Like Senegal, French is used in Mali as the primary written language, the language of instruction, the language of administration, and the common language between Malians that don’t speak the same local language. In Bamako, the local language is Bambara. Bambara speakers are the largest language group in Mali. It is the mother tongue of Pusso and Momo. Aïseta Baradji, our Director of Curriculum, and also a Malian national, is a native speaker of Soninké. She can get by with a minimum level of Bambara in Bamako but when she really wants to be understood she will speak French.
A difference between Senegal and Wolof and Mali and Bambara is that one occasionally sees Bambara written. Bambara has its own writing system, based on the latin alphabet with the addition of a few letters for sounds that cannot be approximated with latin letters. There is not much written material in Bambara, but I have seen books in that language. There is something of a movement to increase the usage of written Bambara and to use Bambara as a language of instruction in the schools. One of the founders of iNERDE, Abdramane Diabaté, attended one of the first bilingual Bambara-French schools in Mali.
I feel that there is a slight difference in the level of adoption and mastery of French between Senegal and Mali. It is more common in Bamako to encounter people with very little French. Dakar may simply be more of a crossroads. It has more of an international profile than Bamako. But I have to think there is another reason; Bambara is simply more valorized in Mali than Wolof in Senegal, as evidenced by its use in writing and instruction. In Bamako I have learned (very badly) a few words of Bambara, in Dakar I felt no motivation to do the same with Wolof.
I may be wrong, but I have sensed from some individual Malians, ambiguous feelings about the French language stemming from the history of French colonialism. As has happened in a few other Francophone countries, I think there are some here that would not be opposed to using, say, English, as a common language. Yet, French is quite entrenched here and it is very useful to give Malians a window into a larger world and a medium for communication both within the country and outside of it. At the same time, I think it is wonderful that Bambara is also promoted as it gives Malians a means of expression of their unique identity without all the cultural assumptions that will be implicit in using French language.

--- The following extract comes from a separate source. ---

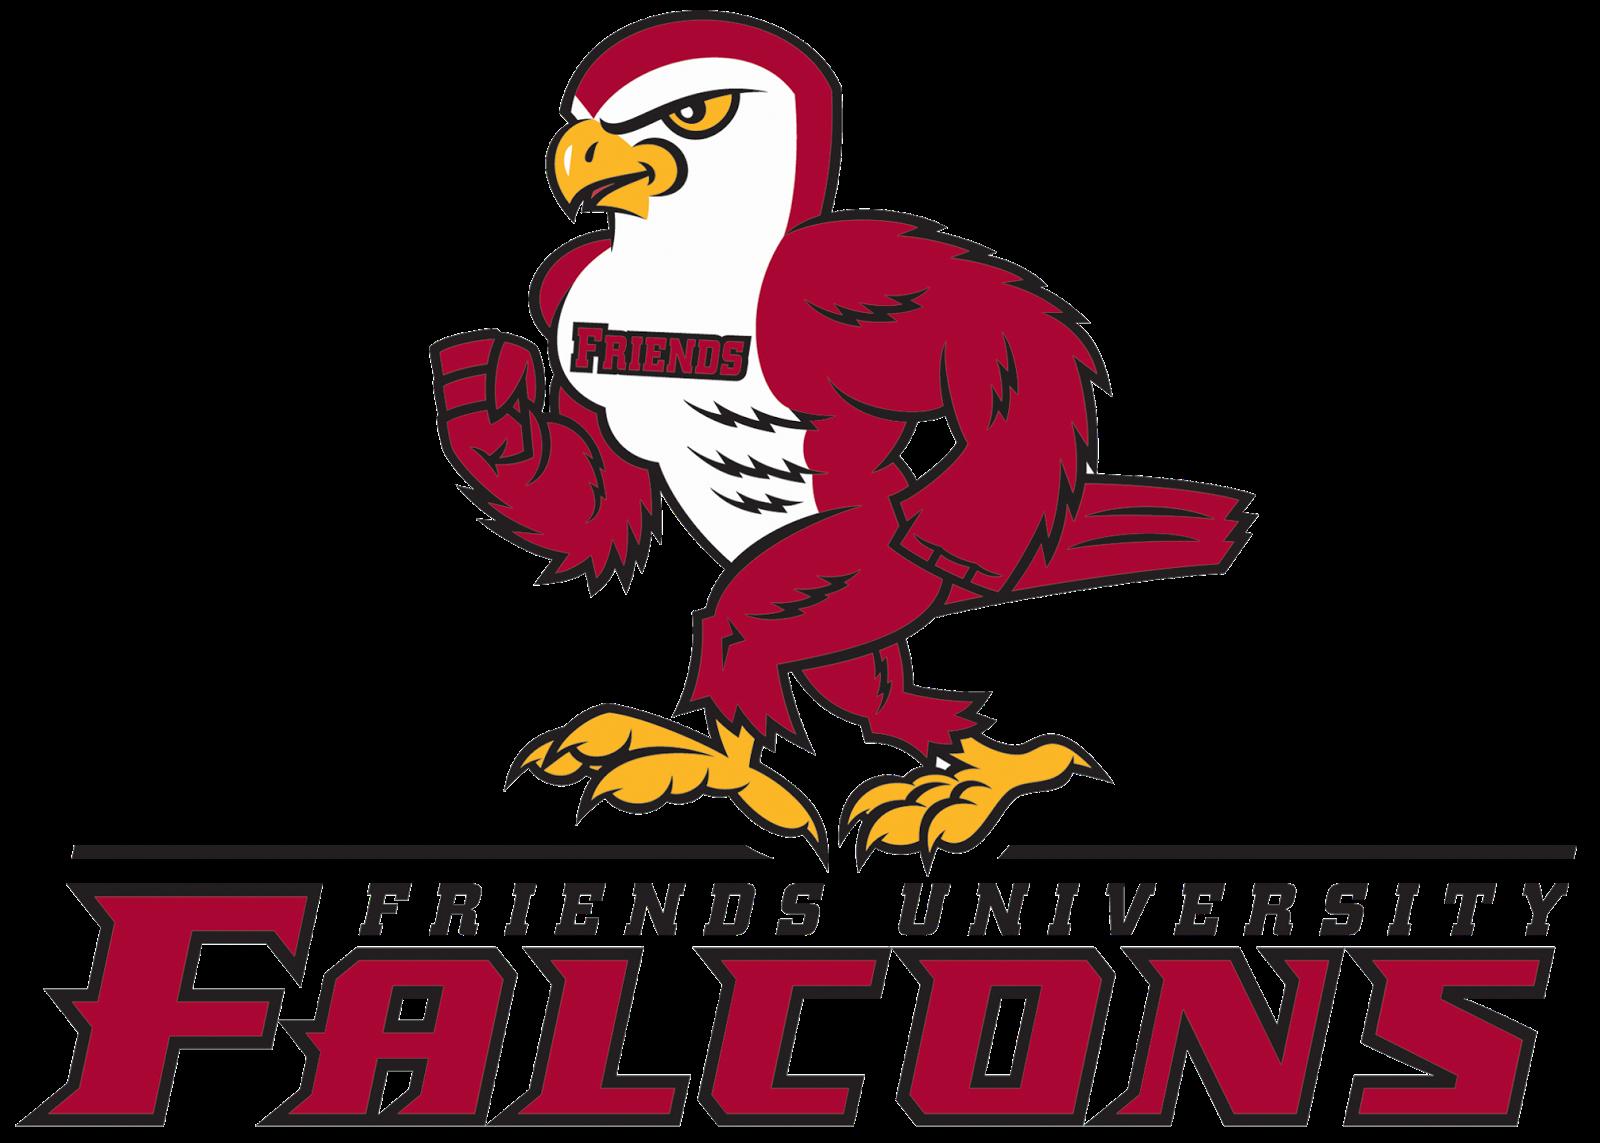 Falcons Friends University Wichita Kansas Div Ii Kansas Collegiate Athletic Conference Falcons Wichita Naia College Logo University Logo Sports Logo

Many years ago I studied Arabic in the United States with a jurist from Eriteria, Berhan AbdulKader, a skilled Arabist who had been trained in Egypt. Berhan also gave me lessons in his native language, Tigrinya, spoken in Eriteria, and Amharic, the national language of Ethiopia. I learned the Ethiopian alphabet, developed from a medieval Ethiopic language called Ge’ez. The written language of Ethiopia is the oldest in Africa and one of the oldest written languages in use today in the world. The written language has been the pride of Ethiopia and, of course, a means of transmitting knowledge from generation to generation. Some of the oldest texts from early Christianity were preserved only in old Ethiopic. Today, Ethiopia has emerged as one of the emerging economic powerhouses of Africa. In my opinion, a strong national identity fortified by appreciation and promotion of the national language is one reason for that. I see the same sort of national pride in Mali and I think the relatively high status of the native languages is both a reflection and an impetus to this.